Affordance/action latent (z_A): candidate sensorimotor futures generated by fast forward prediction.

E3 operates on (z_A), which is derived from (z_S) via E2. E3 does not operate directly on raw modality streams.

Candidate generation (Hippocampus seeded by E2 → (z_A))

Generate (N) candidate trajectories (\zeta_i) via hippocampal rollout, seeded by E2 affordances and E1 constraints, from the current shared sensory latent (z_S) for horizon (H).

Common options:

Model Predictive Control (MPC) hippocampal rollouts with random shooting.
Cross-Entropy Method (CEM) sampling for hippocampal rollout candidates.
Beam search for discrete action spaces (hippocampal rollout candidates).

Scoring

Legacy scoring formulation (preserved for traceability; current canonical framing does not require an explicit ethical cost term):

[ J(\zeta)=\mathcal{F}(\zeta)+\lambda\,M(\zeta)+\rho\,\Phi_R(\zeta) ]

Where (implementation-dependent, but conceptually stable in the legacy framing):

(\mathcal{F}(\zeta)): feasibility / coherence / constraint satisfaction (including physical viability and internal consistency across predictive depths).
(M(\zeta)): legacy mission-aligned objective terms (task progress, care objectives, etc.). Retained for evaluation-only; not required for E3 selection in the current canonical framing.
(\Phi_R(\zeta)): residue curvature term (persistent ethical consequence; path dependent).

Commitment as precision gating

⸻

Temporal collapse and the constructed present

E3 does not select an instantaneous action. It selects a trajectory through a temporally displaced latent space whose predictions span multiple future offsets (sensory, motor, procedural, affective).

Commitment performs a temporal collapse: • It phase-aligns temporally displaced predictions with motor execution timing • It locks a smeared predictive bundle into an action-relevant frame • It enforces cross-horizon coherence so the trajectory is experienced as a single unfolding “now”

The subjective present therefore corresponds to a phase-stable, committed trajectory, not to a time-slice of perception.

Without commitment, temporally displaced rollouts remain exploratory and do not generate a unitary present-moment experience.

Commitment is implemented as a precision increase at action/control depth ((\beta) and sometimes (\gamma)):

reduce action entropy for the selected plan
increase weighting of action-level prediction error (stabilises execution)

This corresponds to dopamine-like commitment without requiring a reward-only interpretation.

Epistemic consequence of commitment

E3 control plane (precision, gain, and mode tuning)

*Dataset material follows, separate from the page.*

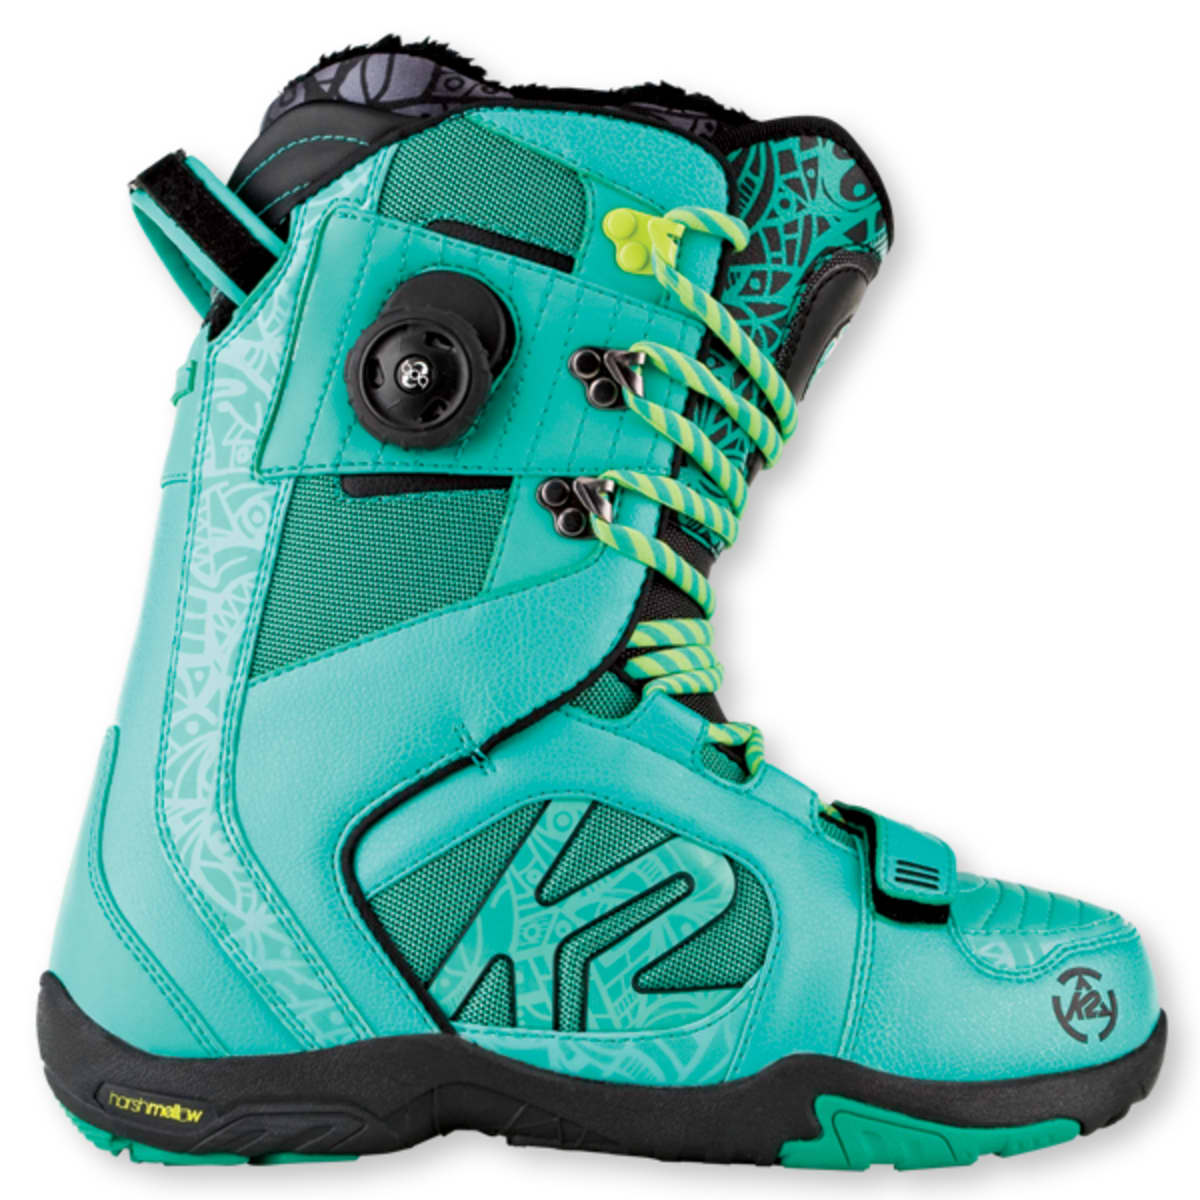 K2 Darko Snowboard Boot - Snowboarder

In addition to trajectory commitment, E3 operates a control plane that tunes how the rest of the system runs. This control plane exposes a registry of tunable parameters across modules and depths, including:

sensory precision and gain (attention-like modulation over (z_S)),
action and policy precision (commitment strength),
rollout temperature, horizon, and branching factor (hippocampal generator; seeded by E2),
learning-rate rigidity or plasticity in deep models (E1),
replay rate and pattern-completion bias (hippocampal braid), and
operating mode (task-engaged, Default Mode–like, or sleep/offline).

These parameters form a structured tuning surface (\theta_{\text{tune}}), updated by E3 based on context, urgency, residue curvature, and predicted risk or harm.

Neuromodulatory systems in biological cognition can be understood as implementing such a control plane. In REE, these channels are treated functionally: as precision, gain, stability, urgency, and availability controls, rather than as reward signals.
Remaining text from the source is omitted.